=== DATA BELOW ===

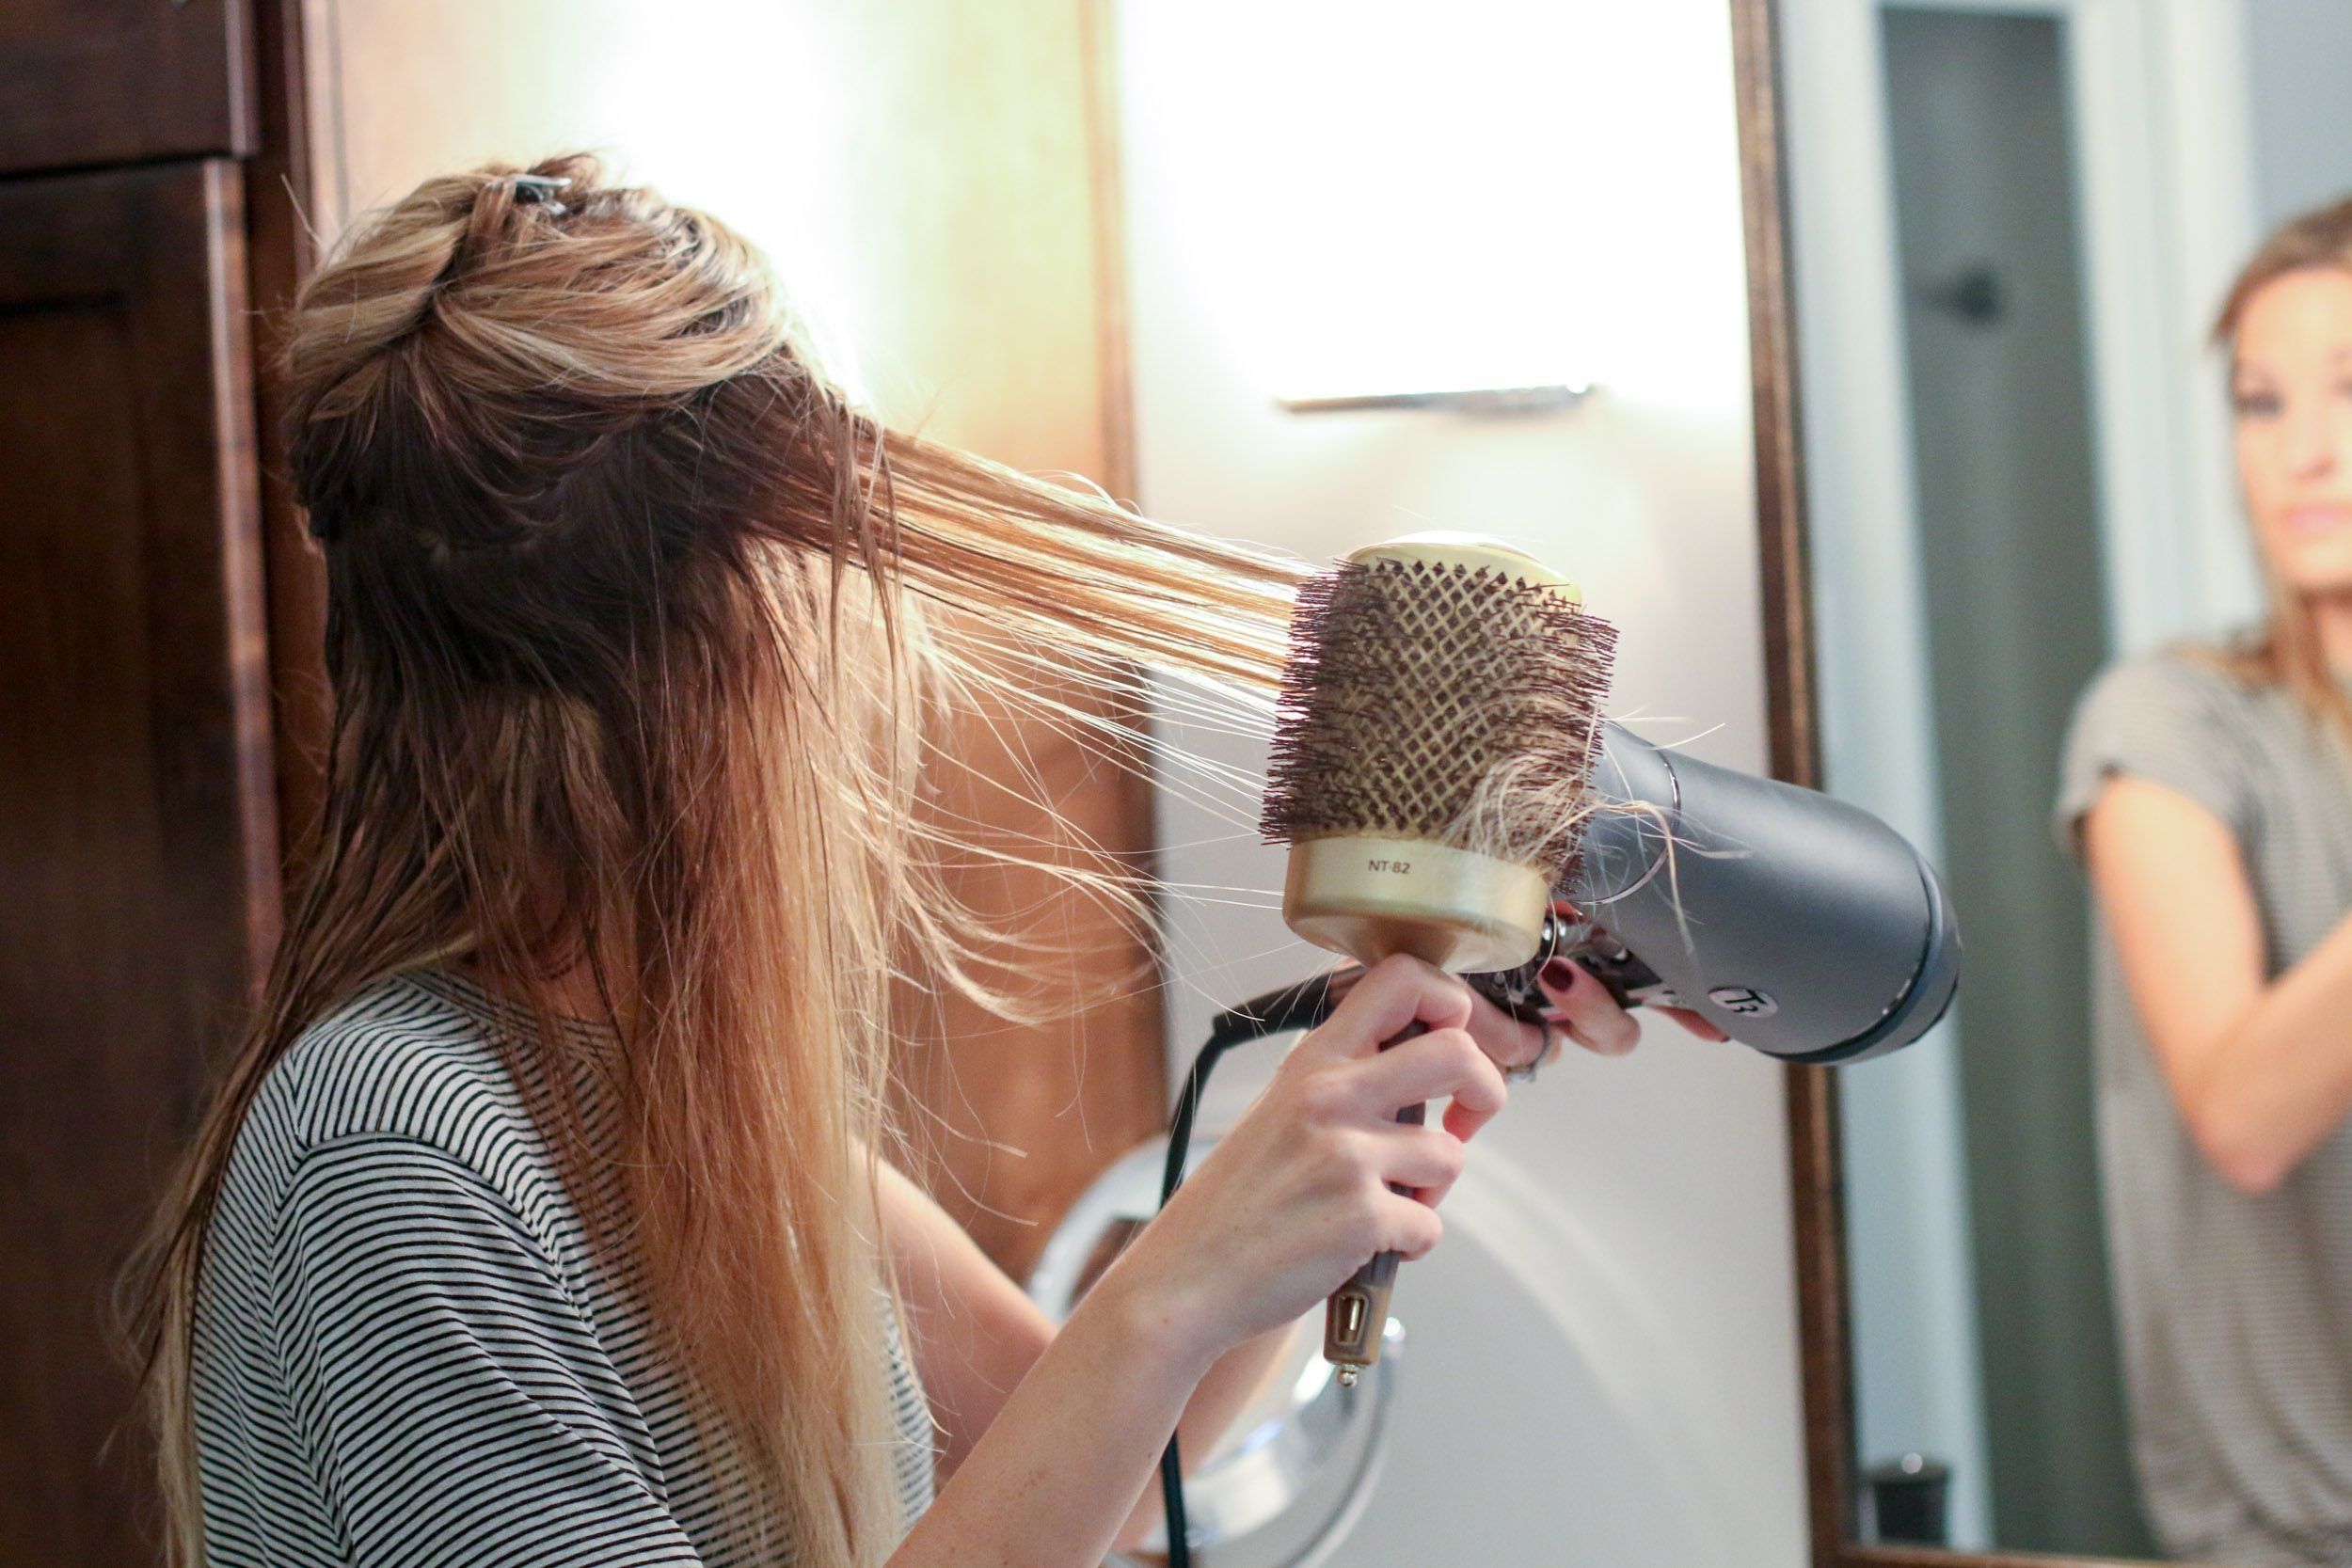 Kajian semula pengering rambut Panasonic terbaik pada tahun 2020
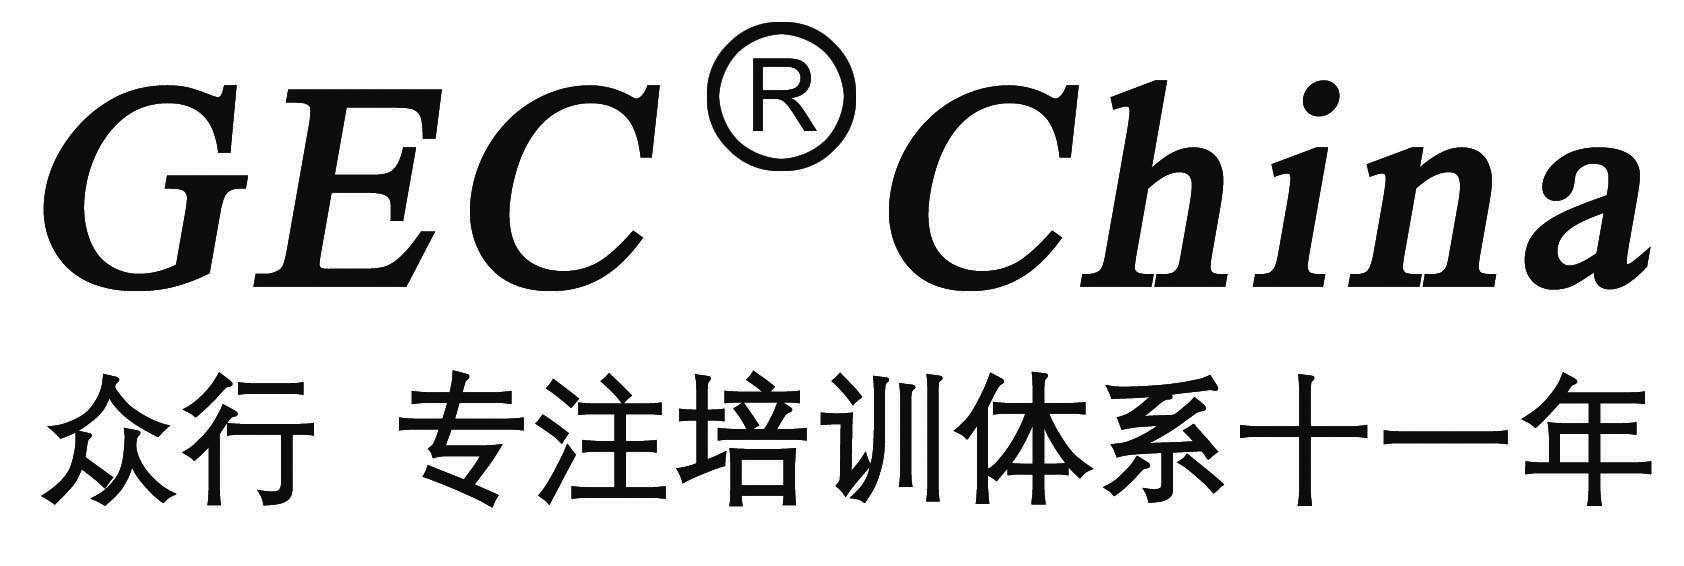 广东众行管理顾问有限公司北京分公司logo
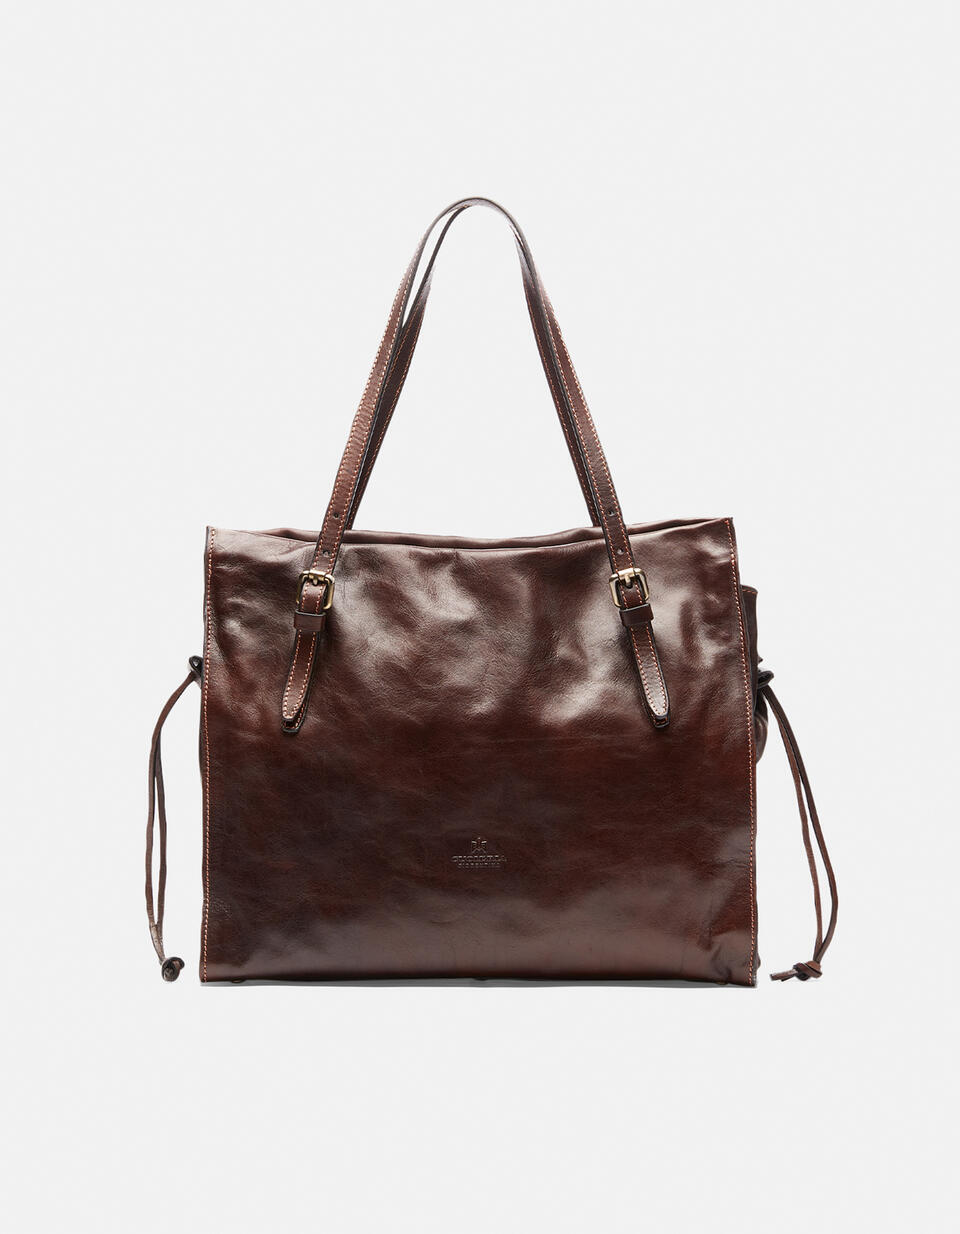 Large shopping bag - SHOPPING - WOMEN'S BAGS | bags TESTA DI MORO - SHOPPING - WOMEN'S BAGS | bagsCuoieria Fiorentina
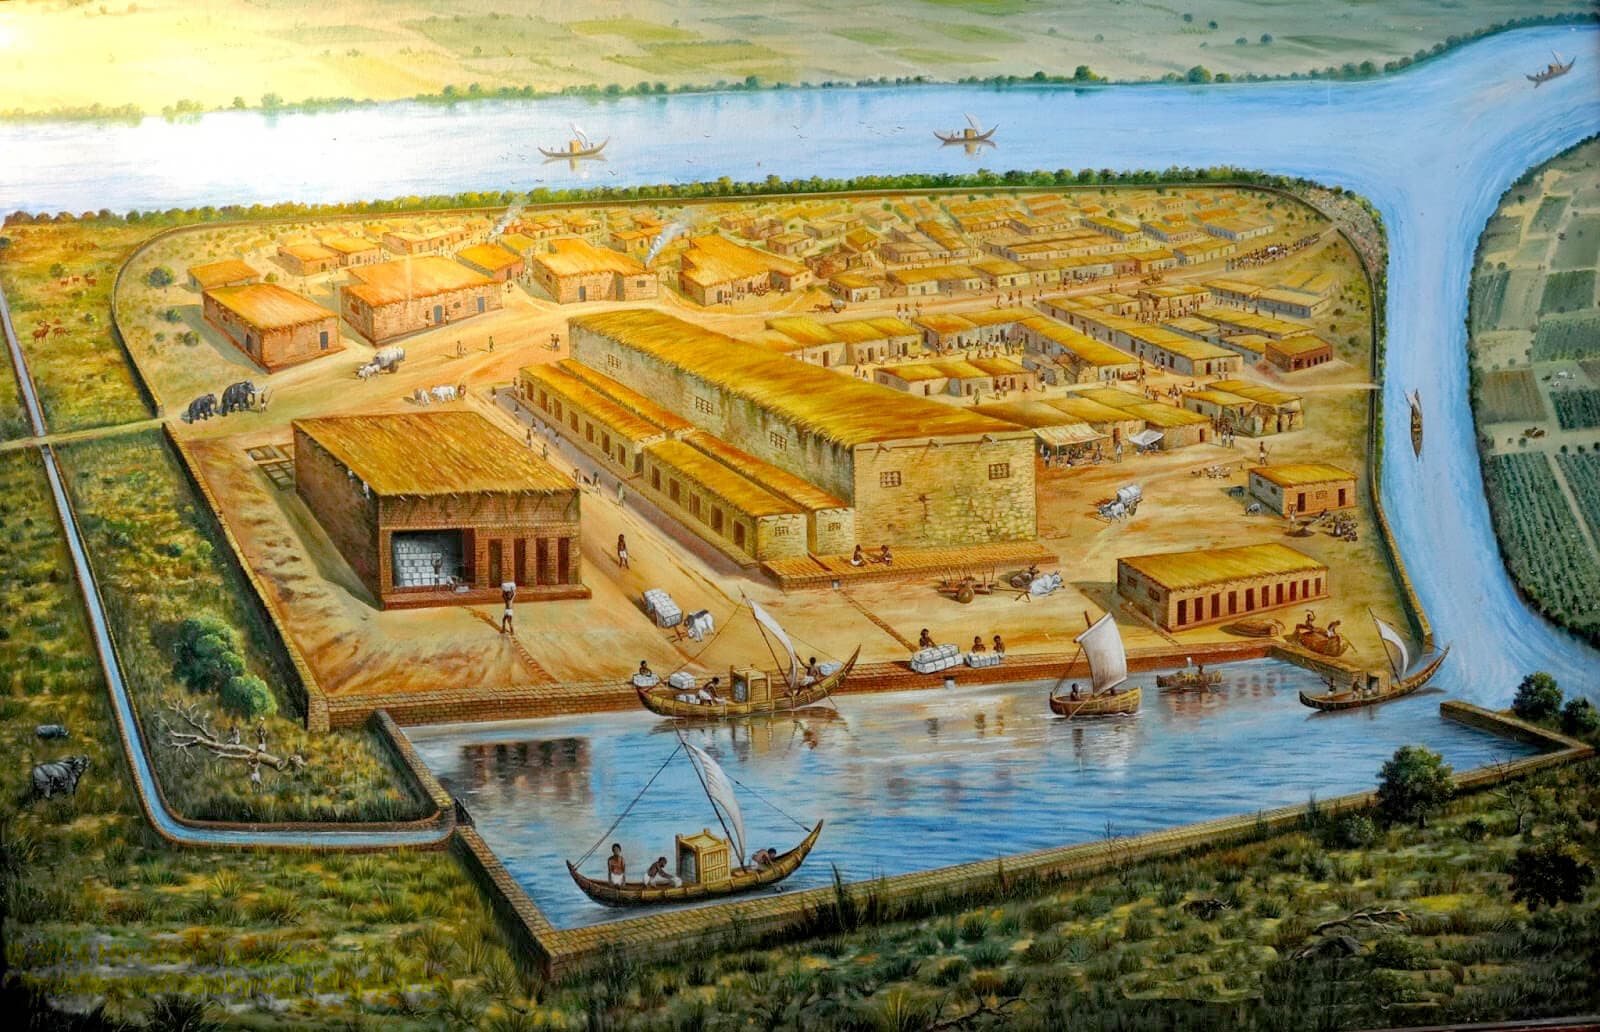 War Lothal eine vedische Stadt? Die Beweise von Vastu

===

§ **WORK REQUEST**: In the printed copy, the material above must appear unchanged and without its pictures.

§ **RESULT OF THIS TASK**:
 Kajian semula pengering rambut Panasonic terbaik pada tahun 2020
 广东众行管理顾问有限公司北京分公司logo
 Large shopping bag - SHOPPING - WOMEN'S BAGS | bags TESTA DI MORO - SHOPPING - WOMEN'S BAGS | bagsCuoieria Fiorentina
 War Lothal eine vedische Stadt? Die Beweise von Vastu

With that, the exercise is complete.